For these graphs draw a best-fit line. The slopes of graph 1 and graph 2 will give you m and n, respectively (round them to their nearest integer values). The slope of graph 3 will give you -Ea/R and the intercept lnA.

In your calculations, you should keep in mind that the starting concentration in the reaction vessel for each reagent is not simply what was printed on the bottle. For instance, for the first run in Part One, you used 20 mL of the 0.2M KI solution; however, when the reaction is run, the actual concentration of iodide, at start, is not 0.2M. Find the concentration of the two reagents (iodide and persulfate) used in each run (Hint: what dilutions have occurred?).

The rate for every run in this experiment can be calculated by:

$rate = \dfrac{[S_2O_3^{2-}]_{diluted} \times 5}{2 \times \25 \times time} = \dfrac{4.0 \times 10^{-4}}{time} Ms^-1$

Since the total volume in every reaction is 25 mL and 5 mL of the dilute thiosulfate solution is used in every reaction, the only quantity in this equation that will change is the time. Be sure to account for all dilutions in the sodium thiosulfate solution concentration.

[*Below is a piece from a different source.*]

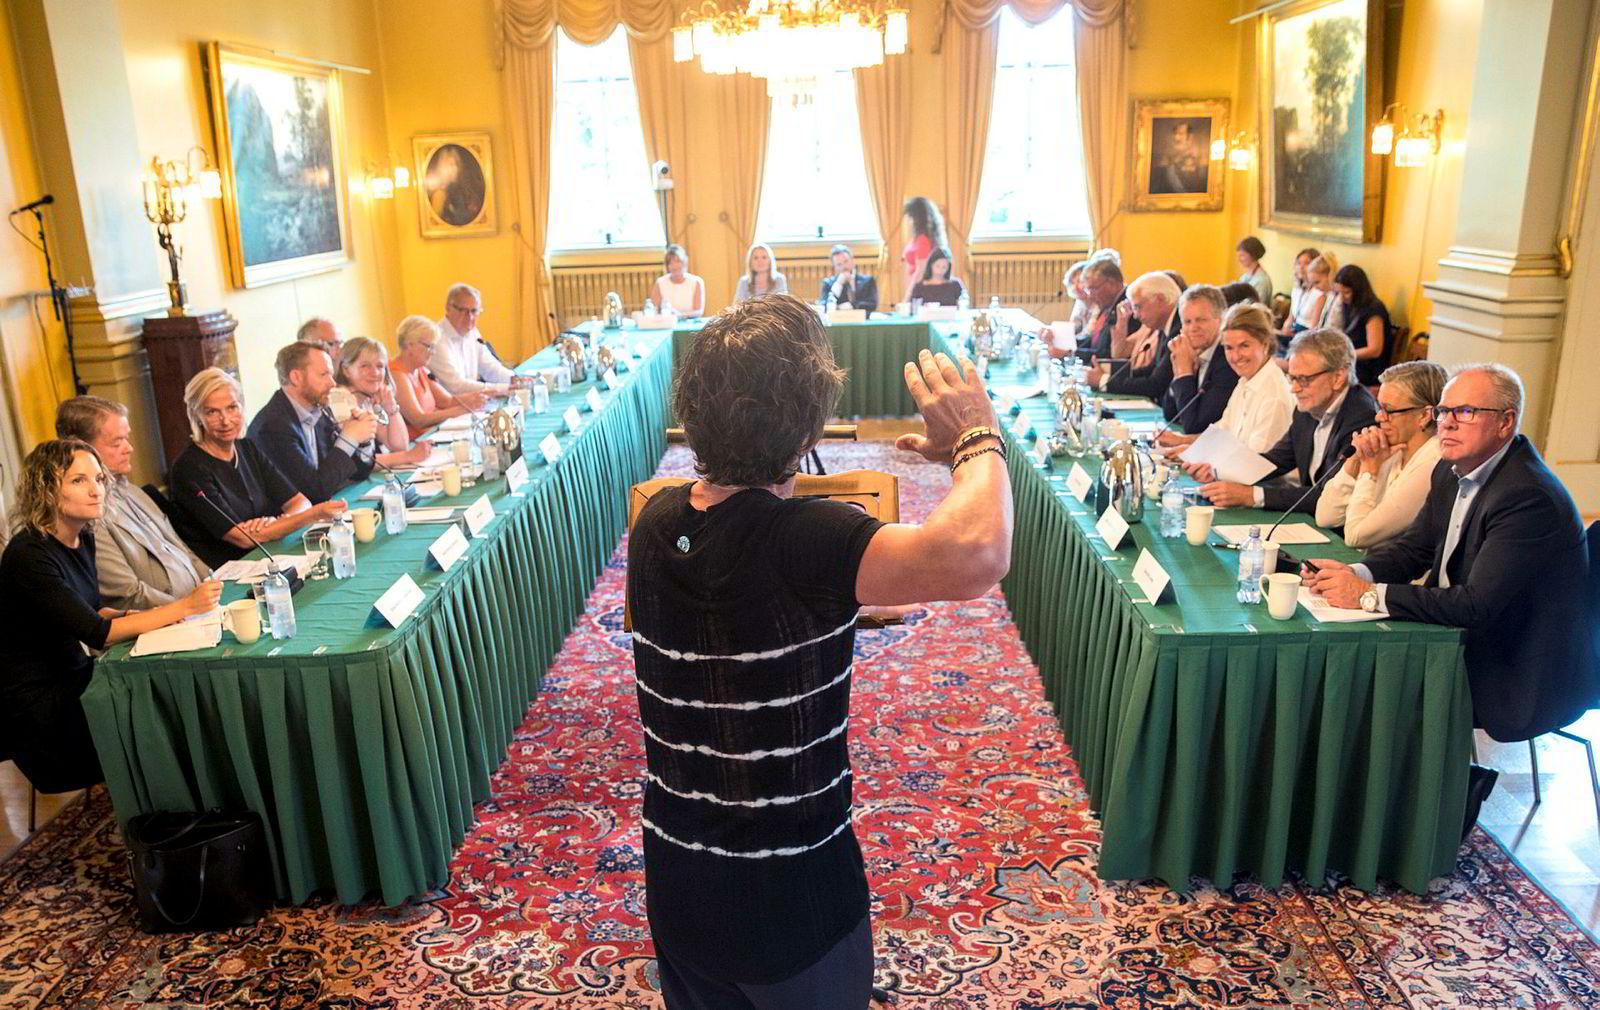 Choice-eier Petter Stordalen holdt et engasjert innlegg for andre næringslivsledere og ministrene onsdag.

Once you have determined m and n , the rate constant k is calculated from:

$k = \dfrac{rate}{[S_2O_8^{2-}]^m[I^-]^n}$

Your final k value (at room temperature) should be the average of the k values obtained for runs 1 through 5 in Part One. Make sure to give the units for k.

Goals

1. Determine the experimental rate law
2. Propose a mechanism consistent with the experimental rate law. (Do not worry if it is the correct mechanism, only that the experimental rate law can be derived from it)
3. Determine the activation energy and Arrhenius constant for the reaction.